Texte intégral
COUR D'APPEL
DE
VERSAILLES
Code nac : 72Z
14e chambre
ARRET N°
CONTRADICTOIRE
DU 14 SEPTEMBRE 2023
N° RG 22/04166 - N° Portalis DBV3-V-B7G-VIZP
AFFAIRE :
[U] [X] en sa qualité de copropriétaire
...
C/
[B], [K] [N]
Décision déférée à la cour : Ordonnance rendu le 14 Juin 2022 par le Conseiller de la mise en état de [Localité 8]
N° chambre : 14
N° RG : 22/556
Expéditions exécutoires
Expéditions
Copies
délivrées le : 14.09.2023
à :
Me Aurélie DEVAUX, avocat au barreau de VERSAILLES,
Me Emmanuelle LEFEVRE, avocat au barreau de VERSAILLES
RÉPUBLIQUE FRANÇAISE
AU NOM DU PEUPLE FRANÇAIS
LE QUATORZE SEPTEMBRE DEUX MILLE VINGT TROIS,
La cour d'appel de Versailles a rendu l'arrêt suivant dans l'affaire entre :
Monsieur [U] [X] en sa qualité de copropriétaire
né le 28 Octobre 1962 à [Localité 6] (92)
de nationalité Française
[Adresse 1]
[Localité 3]
SYNDICAT DES COPROPRIÉTAIRES DE L'IMMEUBLE SIS [Adresse 1]
prise en la personne de ses représentants légaux domiciliés en cette qualité audit siège
[Adresse 1]
[Localité 3]
Représentant : Me Aurélie DEVAUX, avocat au barreau de VERSAILLES, vestiaire : 417
APPELANTS
****************
Monsieur [B], [K] [N]
né le 09 Novembre 1967 à [Localité 7] ([Localité 2])
de nationalité Française
[Adresse 5]
[Localité 4]
Représentant : Me Emmanuelle LEFEVRE de la SELARL BLOB AVOCATS, avocat au barreau de VERSAILLES, vestiaire : 381
INTIME
****************
Composition de la cour :
L'affaire a été débattue à l'audience publique du 14 Juin 2023, Madame Pauline DE ROCQUIGNY DU FAYEL, conseiller ayant été entendu en son rapport, devant la cour composée de :
Madame Pauline DE ROCQUIGNY DU FAYEL, Conseiller faisant fonction de président,
Madame Marina IGELMAN, Conseiller,
Madame Marietta CHAUMET, Conseiller,
qui en ont délibéré,
Greffier, lors des débats : Mme Elisabeth TODINI
EXPOSE DU LITIGE
L'immeuble situé sur la place au [Adresse 1] est placé sous le statut de la copropriété. Il comprend 3 lots d'habitation aux étages supérieurs et un local commercial au rez-de-chaussée (+ 4 caves au sous-sol).

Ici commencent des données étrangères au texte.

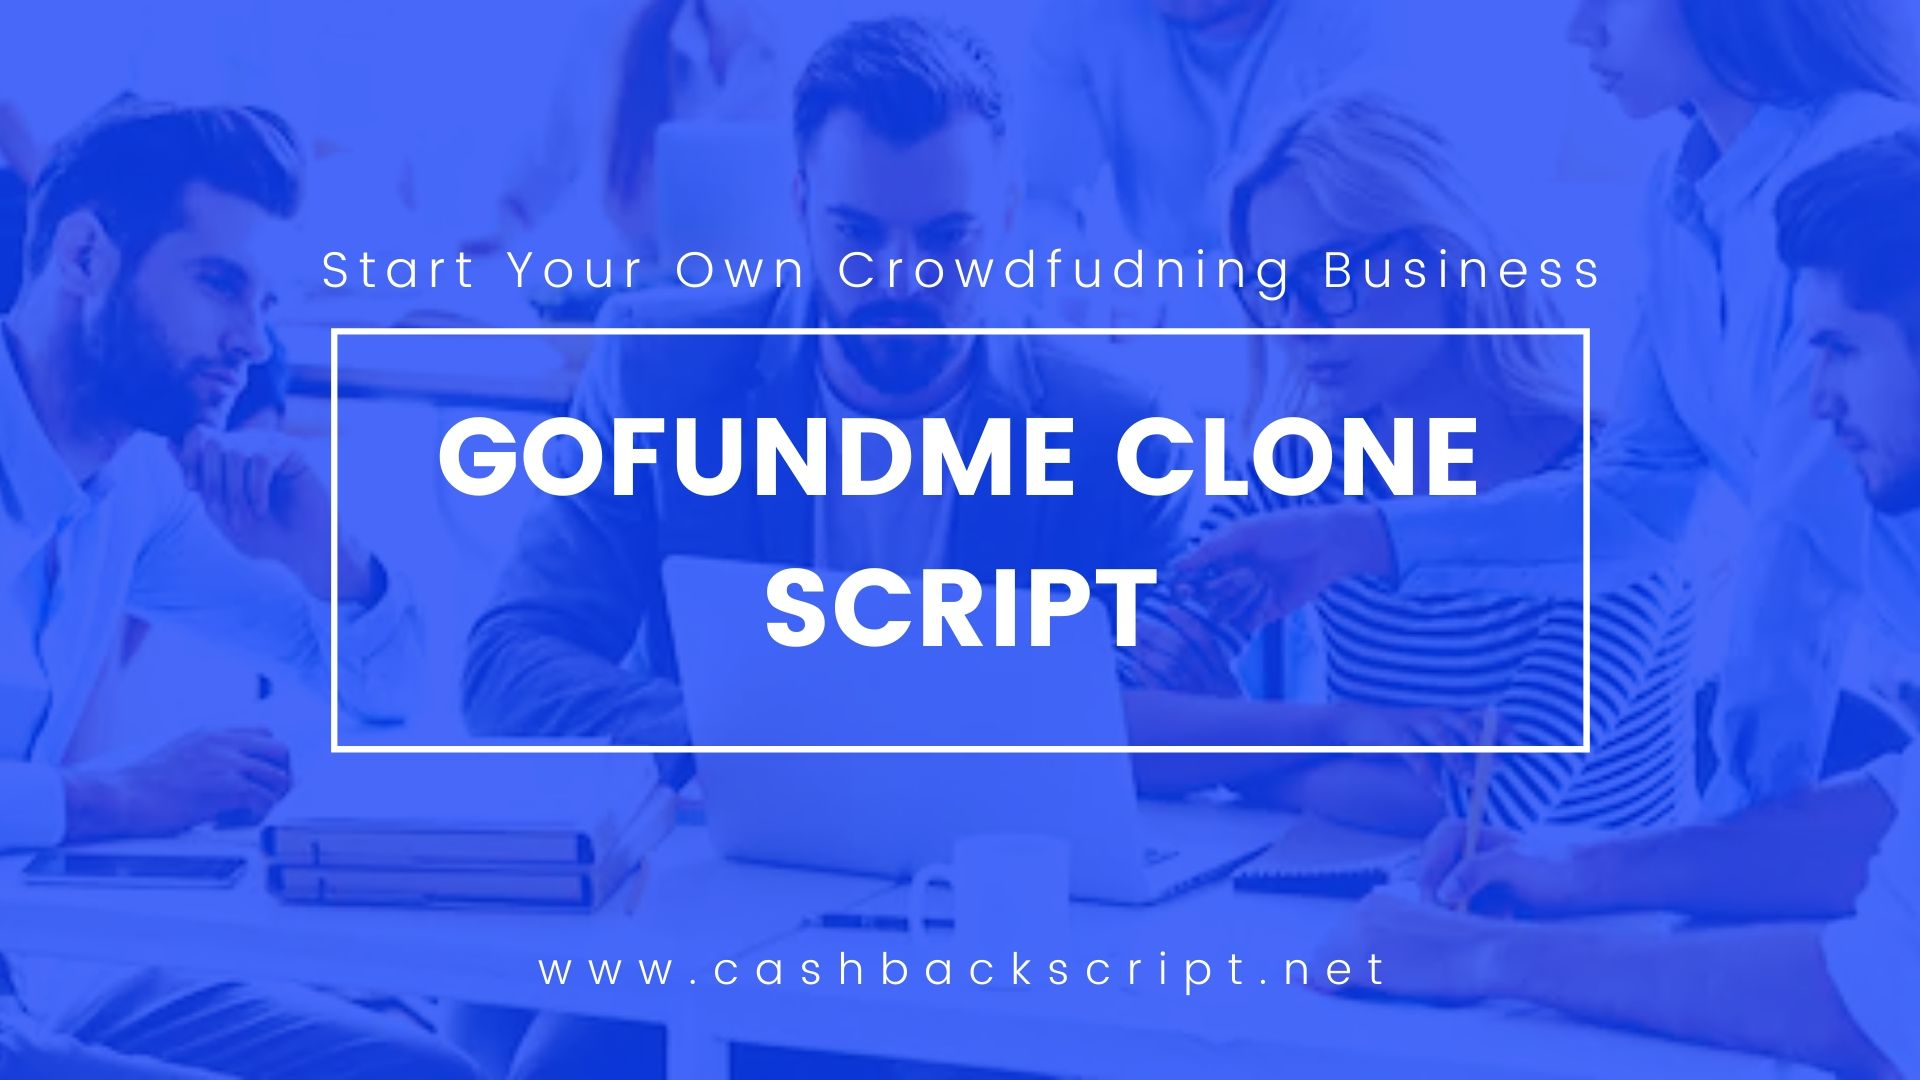 GoFundMe Clone Script to Start Crowdfunding Business Like GoFundMe

M. [U] [X] est propriétaire de 2 lots d'habitation (avec une cave chacun), l'un, depuis 1999 représentant 490/1000 èmes de copropriété, qu'il occupe personnellement et l'autre, acquis en 2002, représentant 163/1000 èmes de copropriété, qu'il loue à des particuliers.
M. [B] [N] a été propriétaire, du 18 mai 2017 au 20 octobre 2021, du local commercial, représentant 224/1000 èmes.
Des conflits sont nés entre les copropriétaires.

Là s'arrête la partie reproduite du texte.